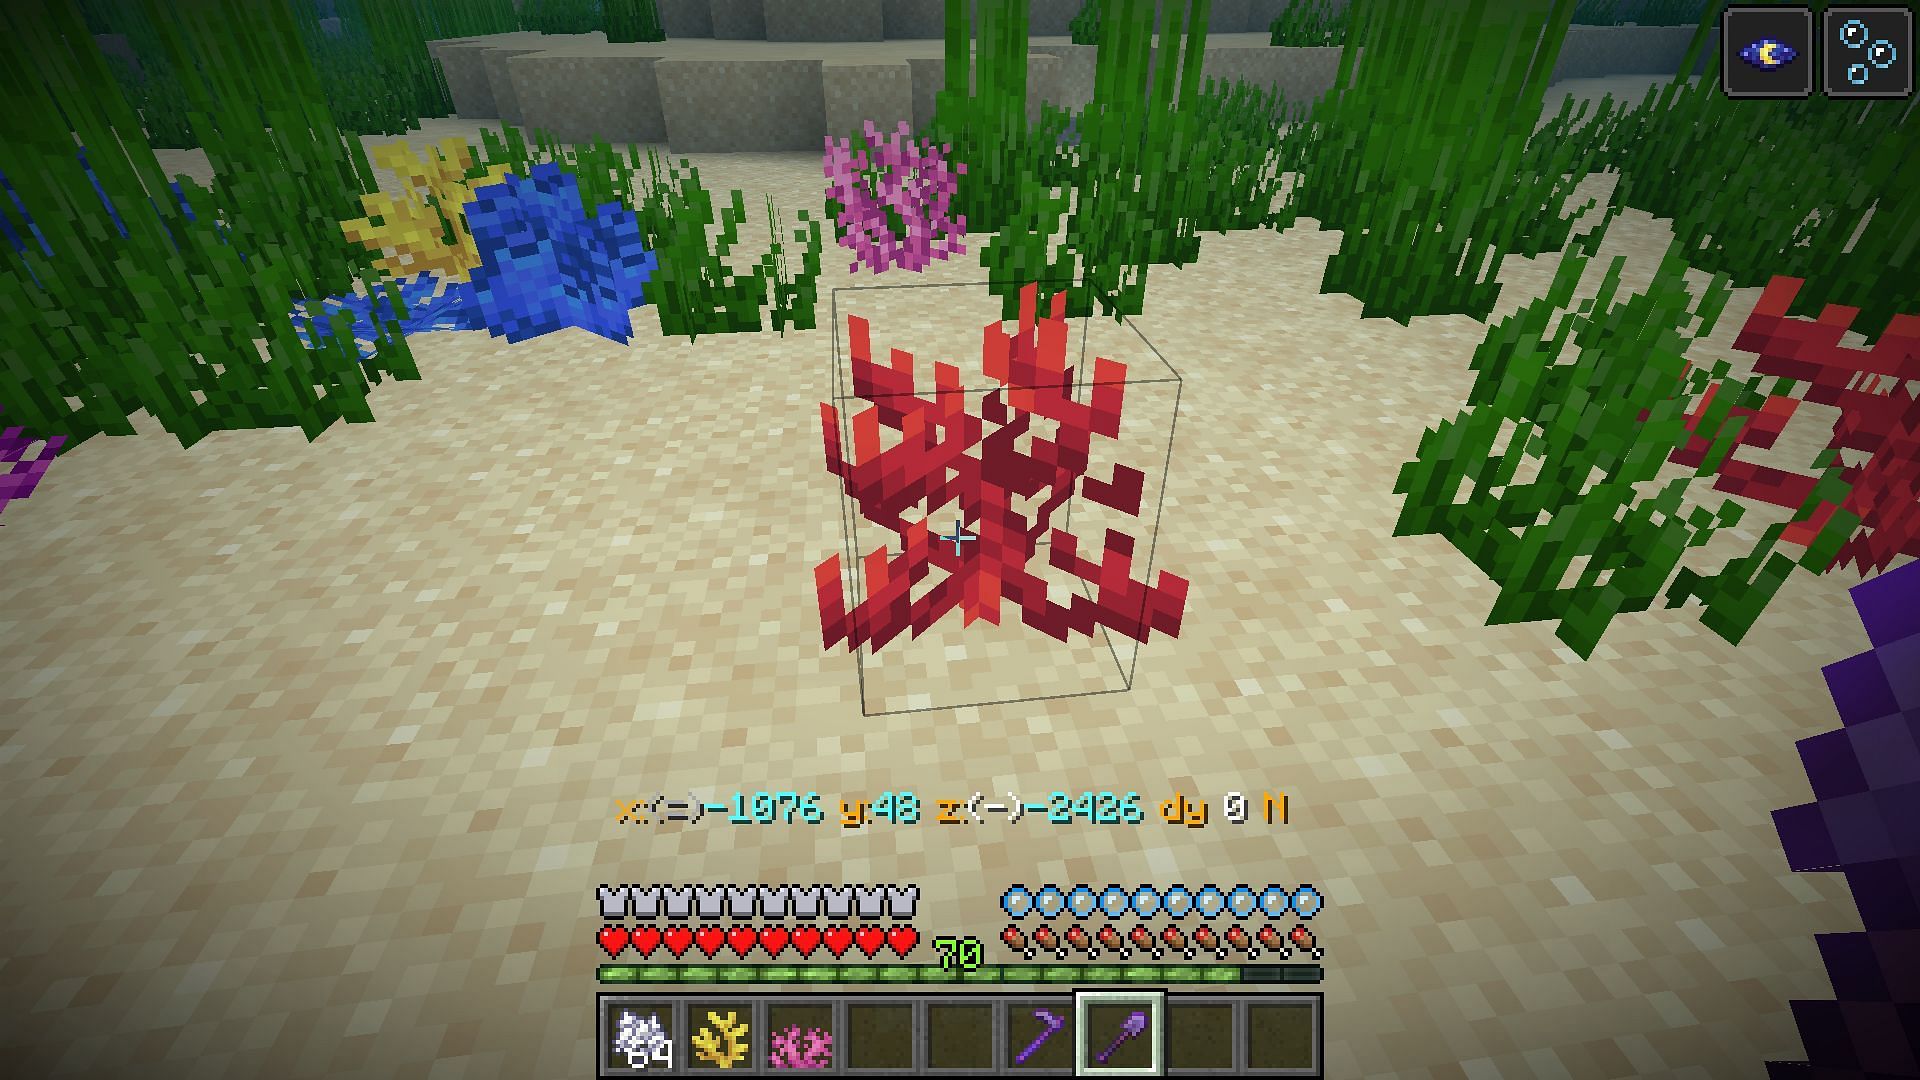 Corals can only be obtained when mined with a silk touch enchanted tool in Minecraft (Image via Mojang)
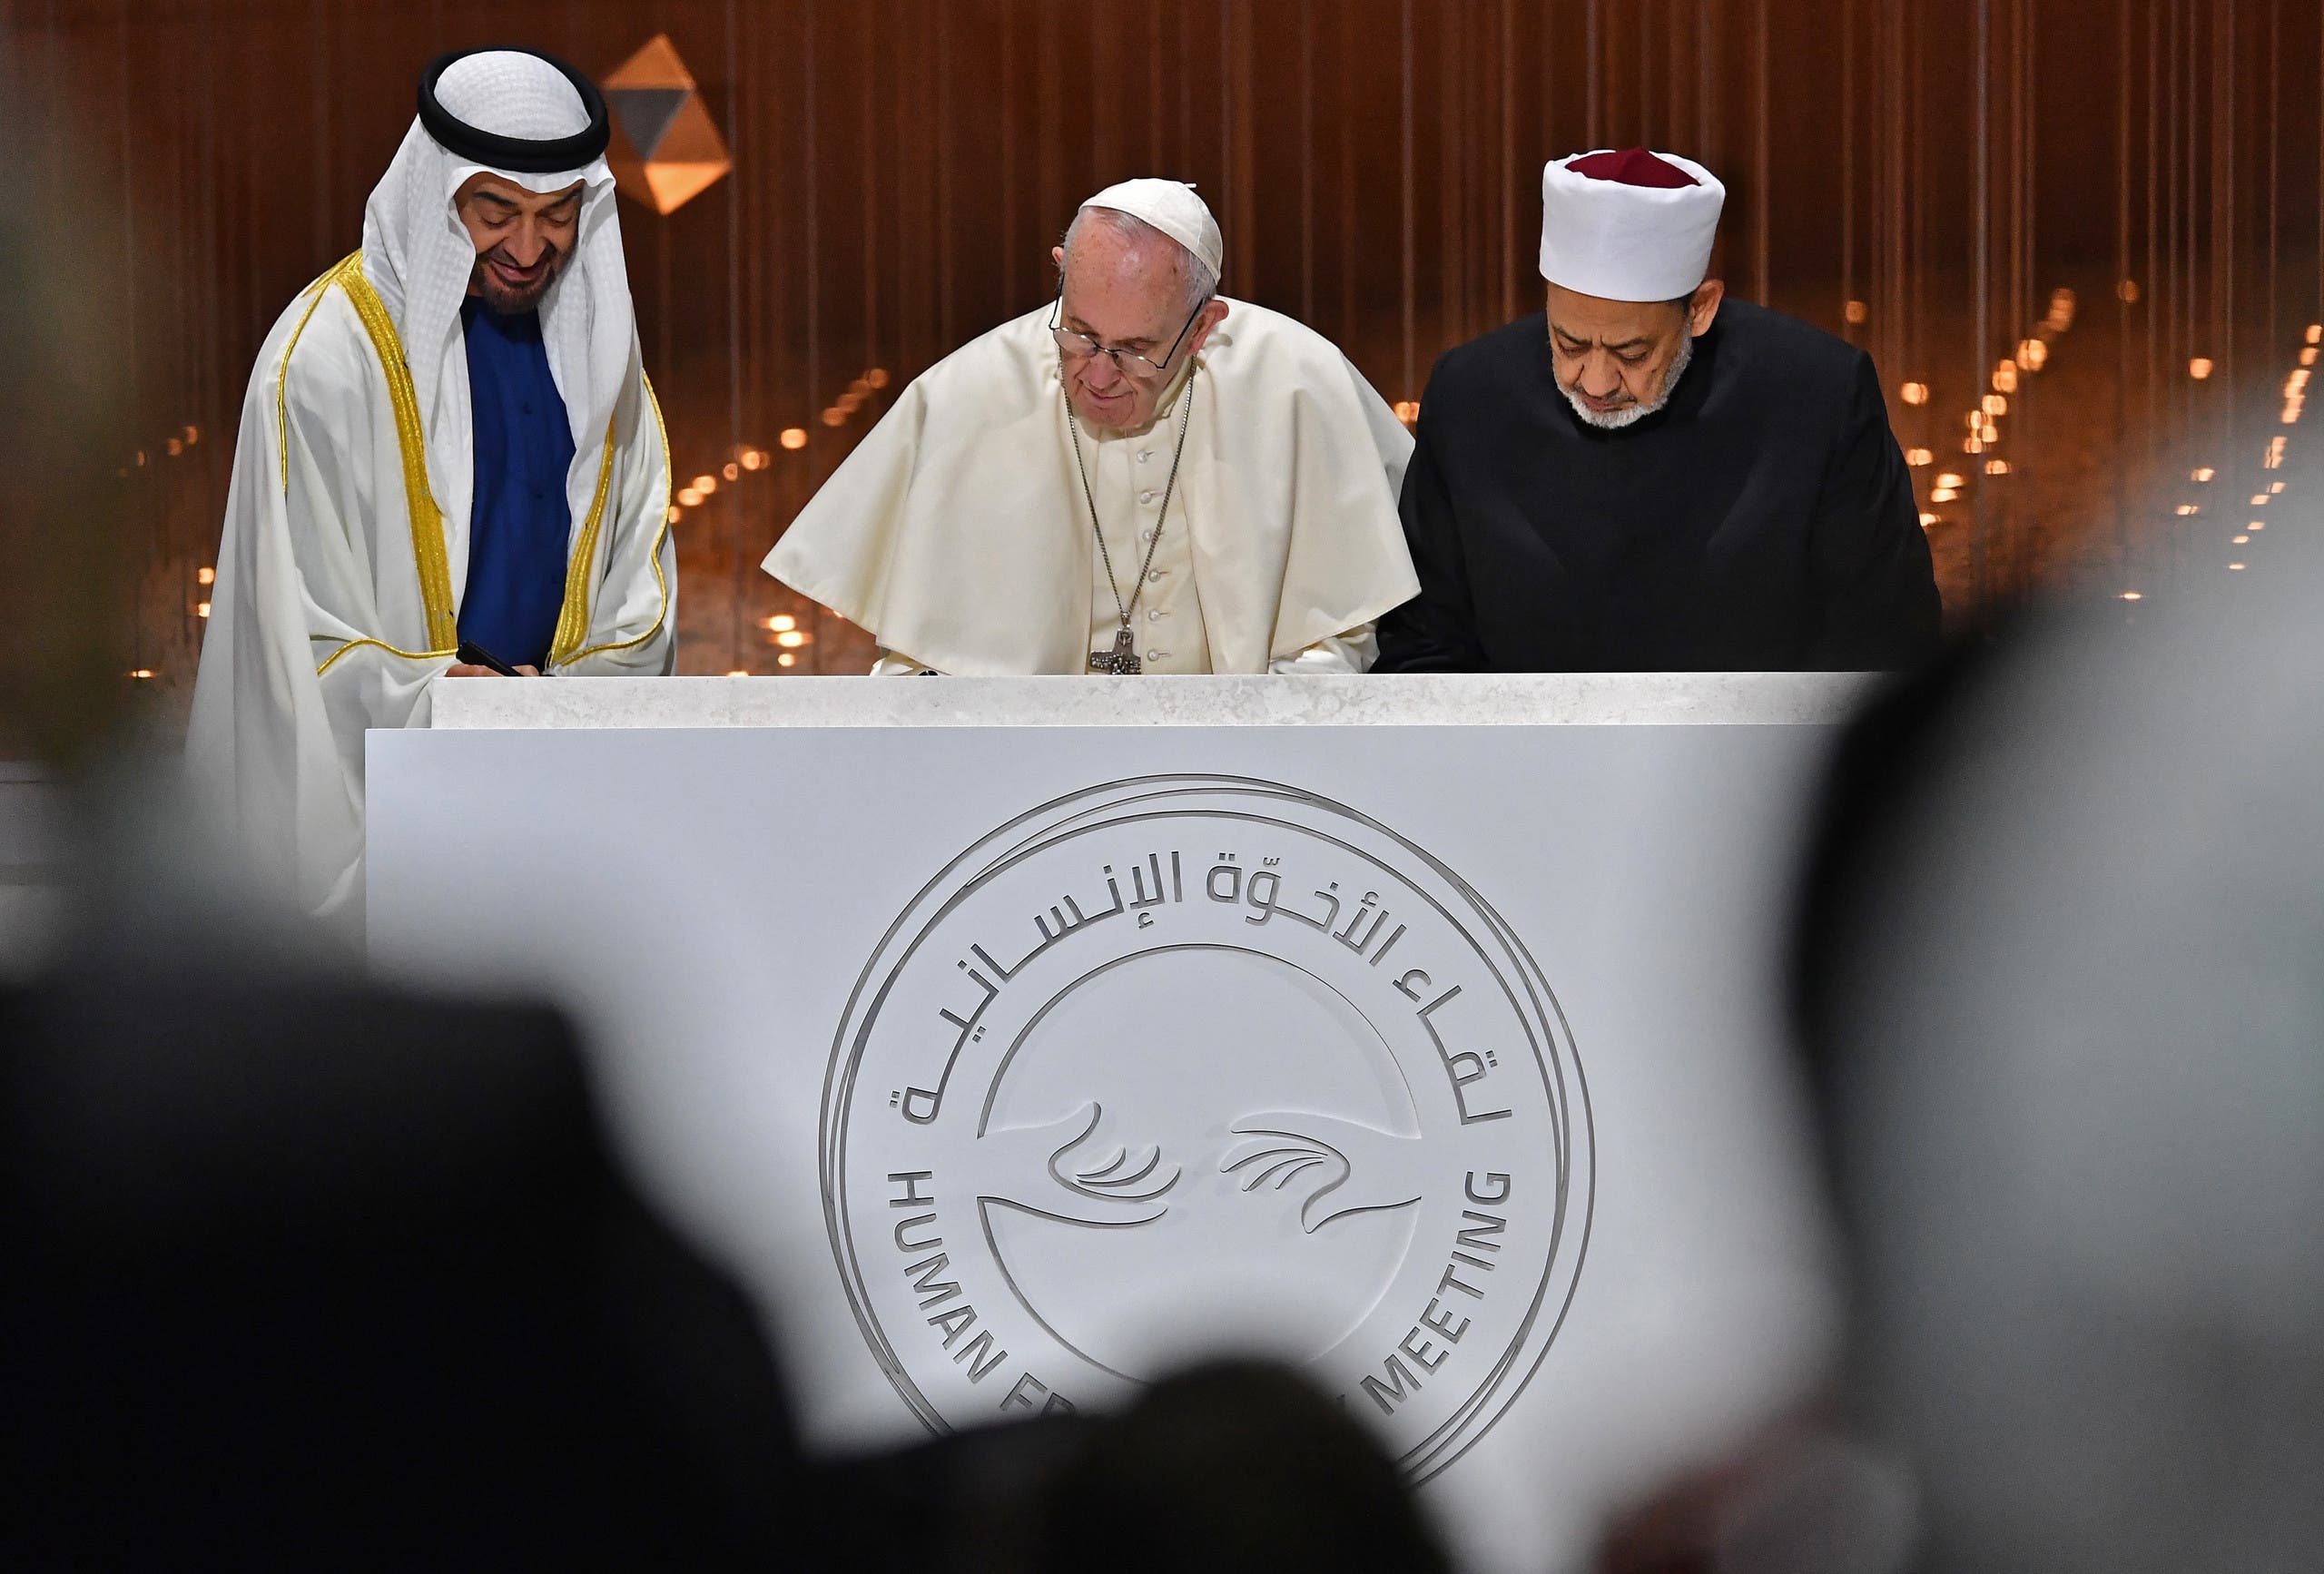 Abu Dhabi Crown Prince Sheikh Mohamed bin Zayed Al Nahyan and Pope Francis discuss brotherhood in confronting COVID-19
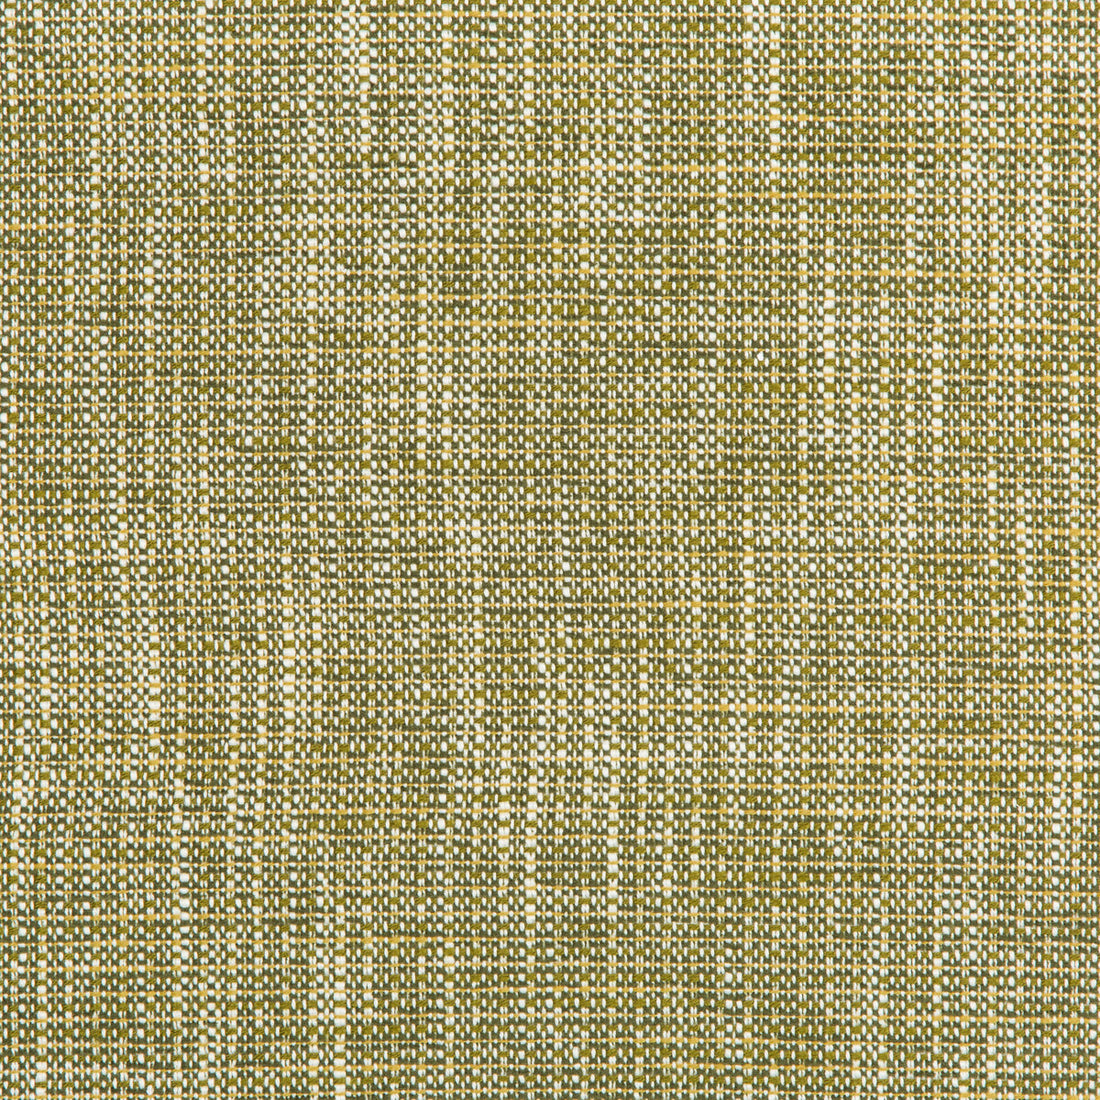 River Park fabric in meadow color - pattern 35866.314.0 - by Kravet Contract in the Gis Crypton collection
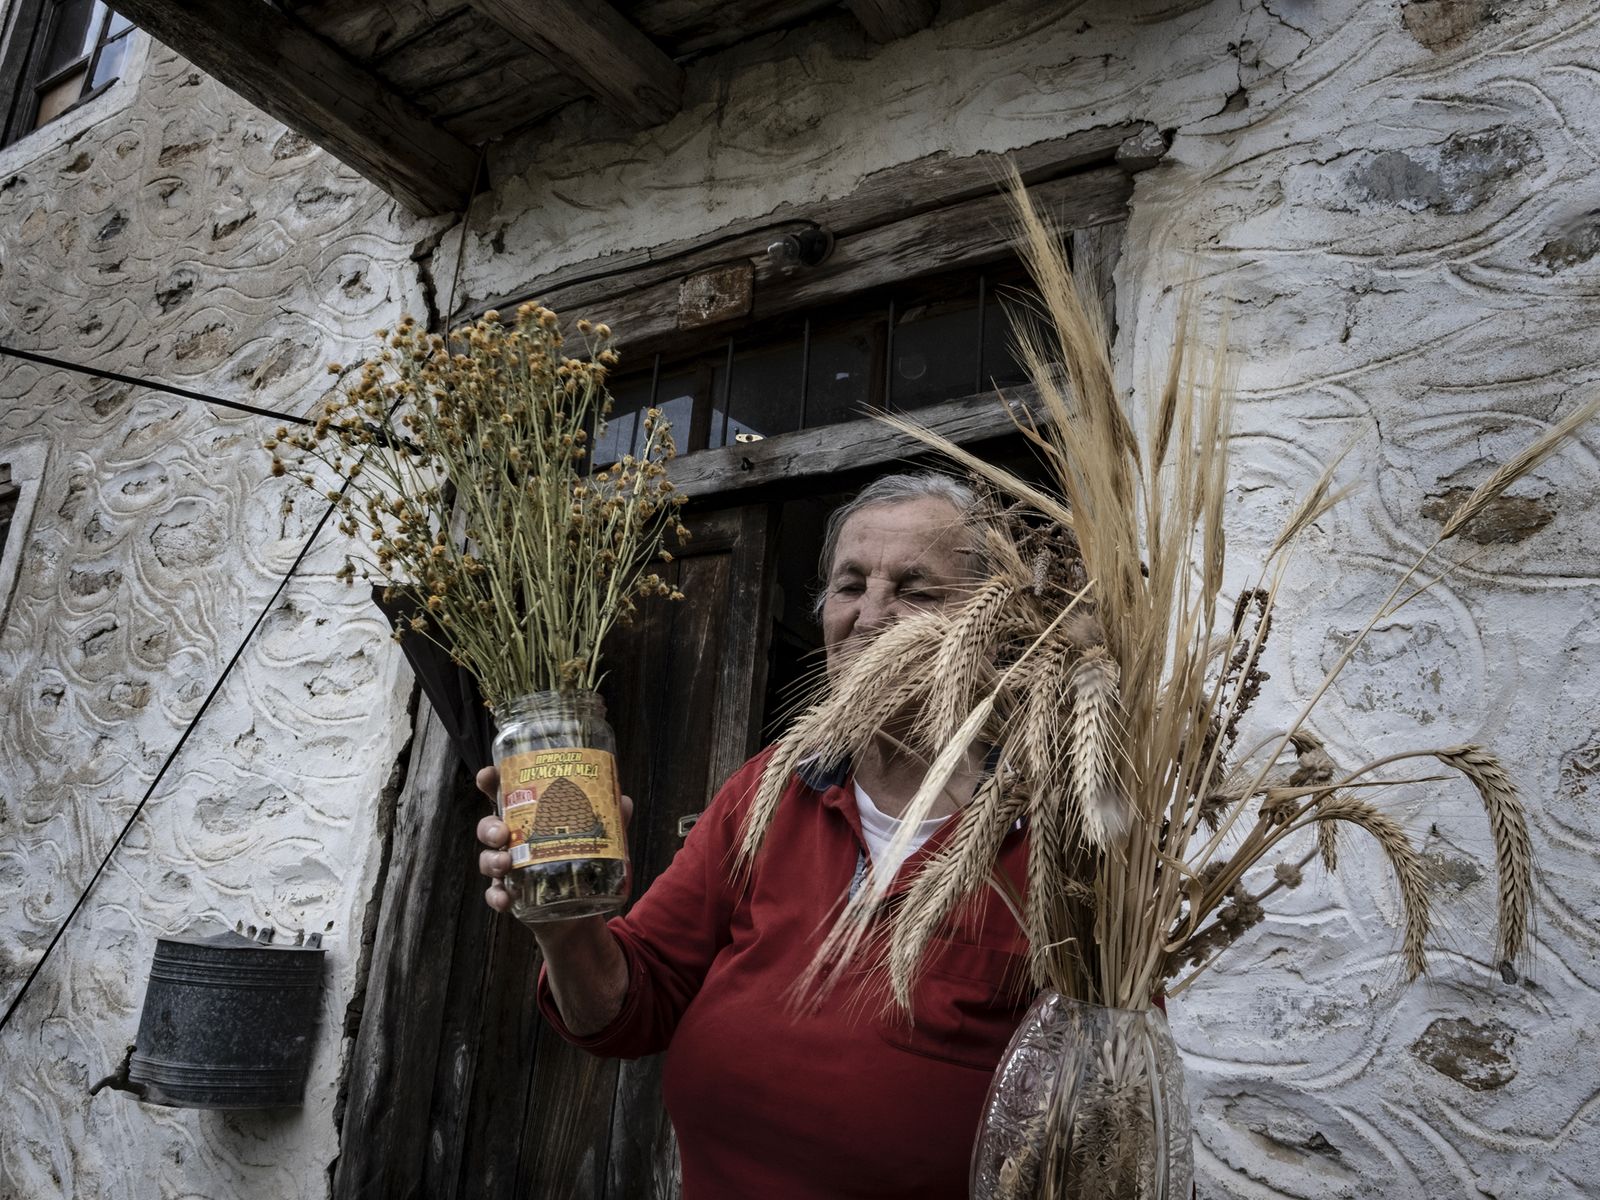 © Jana Hunterová - Dobrica, Zašle, Macedonia (13.8. 2022) Medicinal herbs are an important part of the life of people high in the mountains.

> [Exercise description]
Repeat the lines of the listing above verbatim, beginning at its first line and ending at the line containing "Abu Dhabi Crown", which is included. Omit pictures.

> [Your solution]
 Corals can only be obtained when mined with a silk touch enchanted tool in Minecraft (Image via Mojang)
 Abu Dhabi Crown Prince Sheikh Mohamed bin Zayed Al Nahyan and Pope Francis discuss brotherhood in confronting COVID-19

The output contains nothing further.